■ WHAT IS EXPECTED ■
A verbatim reproduction of the lines below, from the line containing "Taobao product recommendation" through the line containing "Trieste, Italy - March", both ends included, is the whole required output.

■ DATA EXCERPTS ■

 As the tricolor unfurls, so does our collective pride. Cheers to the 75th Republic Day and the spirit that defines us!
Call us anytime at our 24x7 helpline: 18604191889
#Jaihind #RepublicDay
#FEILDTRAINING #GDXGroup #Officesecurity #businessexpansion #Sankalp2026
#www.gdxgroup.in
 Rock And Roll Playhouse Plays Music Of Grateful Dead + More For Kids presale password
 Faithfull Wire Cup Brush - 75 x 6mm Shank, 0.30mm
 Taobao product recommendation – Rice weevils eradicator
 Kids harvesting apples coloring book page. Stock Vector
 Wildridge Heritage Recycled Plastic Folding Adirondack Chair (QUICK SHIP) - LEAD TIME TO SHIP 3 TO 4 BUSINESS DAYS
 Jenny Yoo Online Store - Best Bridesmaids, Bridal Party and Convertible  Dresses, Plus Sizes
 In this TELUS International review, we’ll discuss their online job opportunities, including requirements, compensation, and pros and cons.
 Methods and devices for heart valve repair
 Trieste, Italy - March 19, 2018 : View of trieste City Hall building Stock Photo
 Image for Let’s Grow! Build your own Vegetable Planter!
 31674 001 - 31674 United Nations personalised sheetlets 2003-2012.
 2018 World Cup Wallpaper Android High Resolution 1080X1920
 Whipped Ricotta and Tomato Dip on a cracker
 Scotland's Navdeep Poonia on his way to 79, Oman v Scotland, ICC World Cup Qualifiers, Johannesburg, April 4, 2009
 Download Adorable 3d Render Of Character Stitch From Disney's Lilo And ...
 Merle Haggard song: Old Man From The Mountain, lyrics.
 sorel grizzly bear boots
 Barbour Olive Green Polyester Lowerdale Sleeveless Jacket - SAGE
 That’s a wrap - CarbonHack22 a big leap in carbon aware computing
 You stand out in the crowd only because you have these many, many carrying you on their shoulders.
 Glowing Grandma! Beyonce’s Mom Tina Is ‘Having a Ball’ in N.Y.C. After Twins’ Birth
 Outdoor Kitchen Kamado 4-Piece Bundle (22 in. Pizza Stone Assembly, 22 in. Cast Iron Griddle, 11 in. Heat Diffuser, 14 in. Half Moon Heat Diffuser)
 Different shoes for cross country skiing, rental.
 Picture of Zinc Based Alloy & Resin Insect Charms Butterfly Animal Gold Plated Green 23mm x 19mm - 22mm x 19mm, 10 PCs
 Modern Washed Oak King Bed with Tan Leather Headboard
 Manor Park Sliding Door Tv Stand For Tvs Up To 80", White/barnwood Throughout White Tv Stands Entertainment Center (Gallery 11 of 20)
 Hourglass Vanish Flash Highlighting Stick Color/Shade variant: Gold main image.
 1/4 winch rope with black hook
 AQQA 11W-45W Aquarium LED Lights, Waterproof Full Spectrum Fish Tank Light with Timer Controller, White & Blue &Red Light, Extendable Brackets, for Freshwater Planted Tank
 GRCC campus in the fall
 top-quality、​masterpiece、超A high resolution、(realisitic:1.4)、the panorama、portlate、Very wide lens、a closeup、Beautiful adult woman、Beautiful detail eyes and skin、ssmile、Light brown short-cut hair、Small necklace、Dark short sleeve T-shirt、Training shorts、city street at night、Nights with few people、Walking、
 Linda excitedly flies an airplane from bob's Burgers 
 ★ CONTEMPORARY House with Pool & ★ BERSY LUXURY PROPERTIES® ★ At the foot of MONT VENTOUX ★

■ SOLUTION ■
 Taobao product recommendation – Rice weevils eradicator
 Kids harvesting apples coloring book page. Stock Vector
 Wildridge Heritage Recycled Plastic Folding Adirondack Chair (QUICK SHIP) - LEAD TIME TO SHIP 3 TO 4 BUSINESS DAYS
 Jenny Yoo Online Store - Best Bridesmaids, Bridal Party and Convertible  Dresses, Plus Sizes
 In this TELUS International review, we’ll discuss their online job opportunities, including requirements, compensation, and pros and cons.
 Methods and devices for heart valve repair
 Trieste, Italy - March 19, 2018 : View of trieste City Hall building Stock Photo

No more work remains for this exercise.